Selecting any image from the micro-expression image sequence to be annotated, and carrying out a strong enhancement strategy and a weak enhancement strategy to obtain a corresponding strong enhancement image And weakly enhanced images; Selecting any image from the marked micro-expression images, and performing a weak enhancement strategy to obtain a weak enhancement image；

Enhancing images stronglyAnd weakly enhanced images、Respectively inputting the feature extractors, respectively acquiring corresponding image features, and judging the category of the micro expression;

Based on a plurality of weakly enhanced images Outputting a class probability distribution corresponding to each micro-expression class through the feature extractor, comparing the maximum value of the class probability distribution with a preset threshold value, and taking the micro-expression class corresponding to the preset threshold value or more as a pseudo class of the weak enhanced image; acquiring multiple strongly enhanced imagesCross entropy of the microexpressive category and the pseudo category;

Based on a plurality of weakly enhanced images Outputting the class probability distribution corresponding to each micro-expression class through the feature extractor, and obtaining the cross entropy between the output class probability distribution and the original class probability distribution of the marked micro-expression image.

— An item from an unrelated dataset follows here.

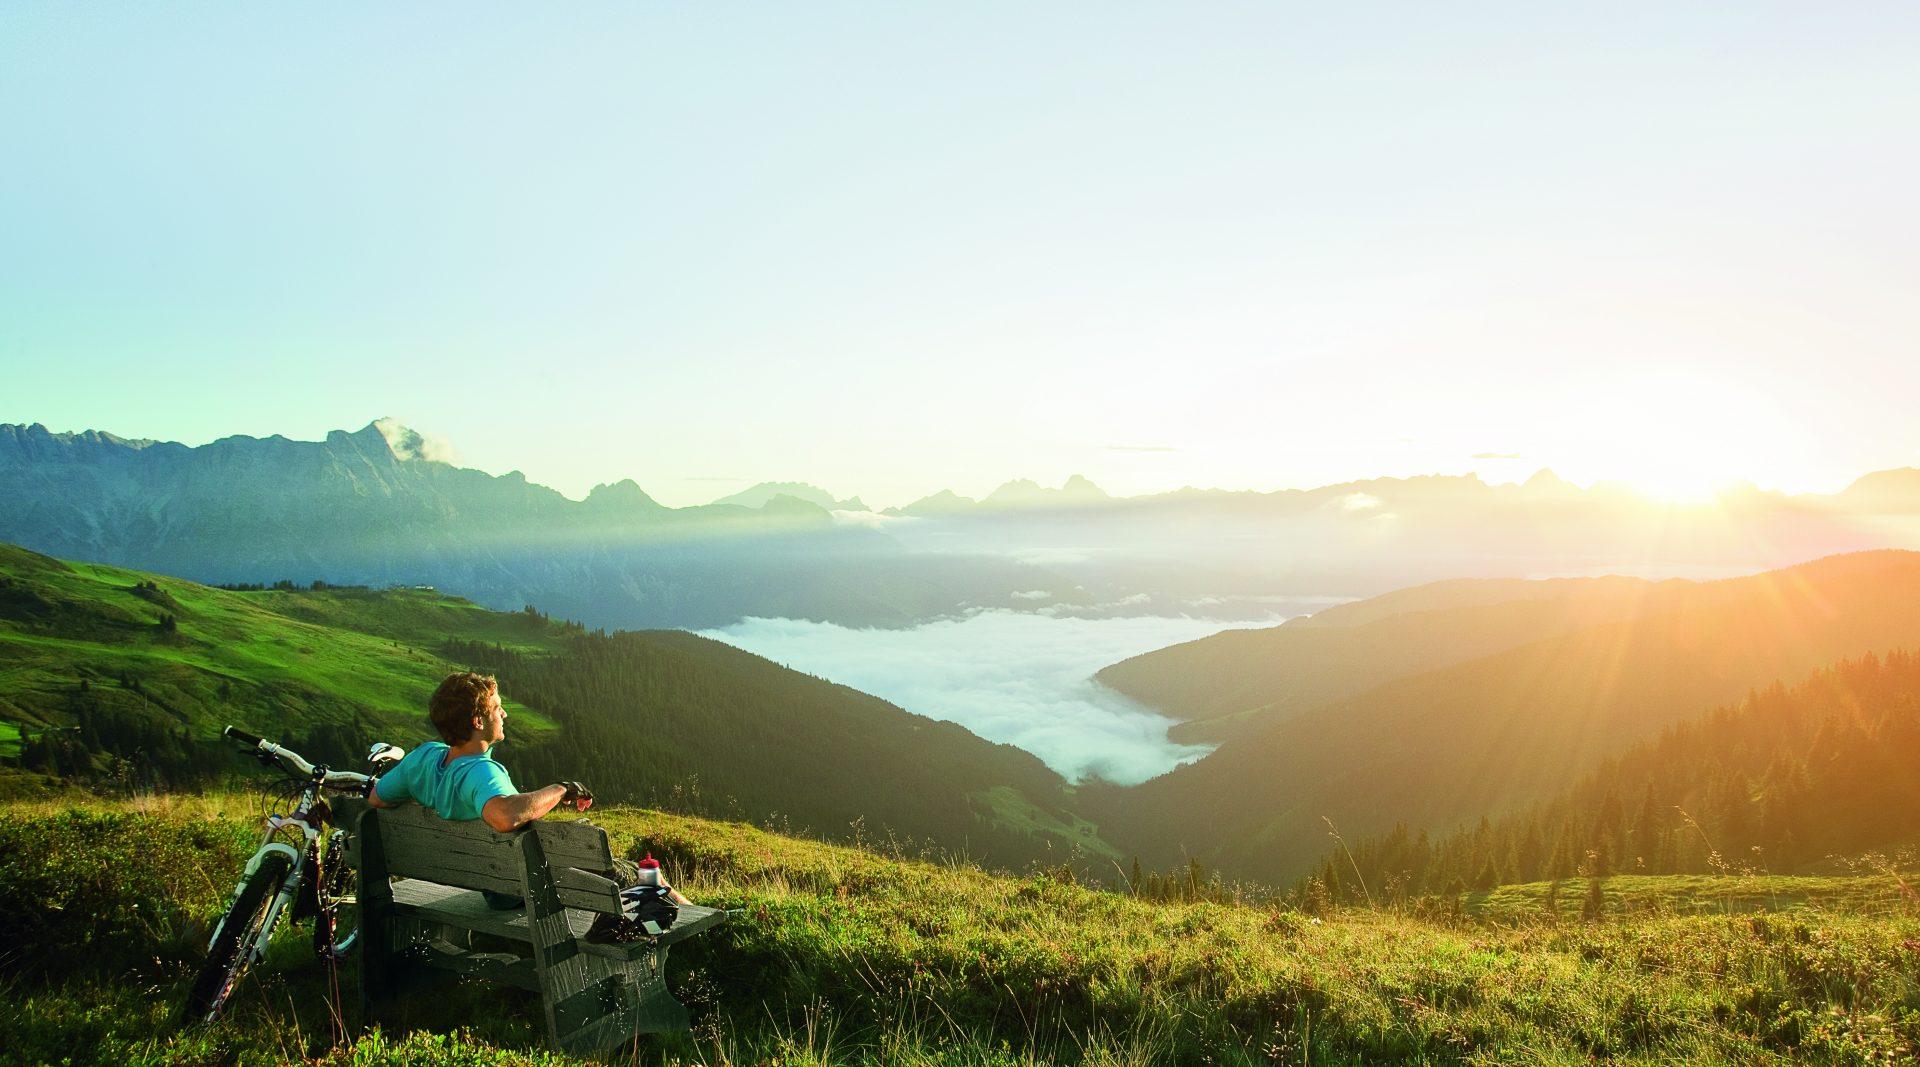 © SalzburgerLand Tourismus, ideenwerk werbeagentur gmbh - Radfahrer macht Pause auf der Bank

5. The method according to claim 4, wherein comparing the confidence score of the identified microexpressions in the microexpressive image sequence to be annotated with the standard confidence score of the microexpressions of the corresponding category, comprises the steps of:

Acquiring first-class probability distribution of image data in a micro-expression image sequence to be annotated as follows Acquiring second-class probability distribution of marked micro-expression data set as；

For the same microexpressive category, obtaining the average probability distribution of the first category probability distribution and the second category probability distribution；

Will beWith a preset adaptive scoreComparing ifJudging that the confidence score of the corresponding micro-expression is larger than or equal to the standard confidence score, updating the micro-expression image sequence to be marked, and adding the micro-expression larger than or equal to the standard confidence score in the micro-expression image sequence to be marked into the marked micro-expression image set;

6. A microexpressive image annotation device, comprising:

Training the feature extractor model includes the steps of:

Triple loss between multiple expression embeddings is obtained:

；

wherein m is a super parameter;

7. A non-transitory computer readable storage medium having stored thereon a computer program, wherein the computer program when executed by a processor implements the steps of the micro-expressive image annotation method according to any one of claims 1 to 5.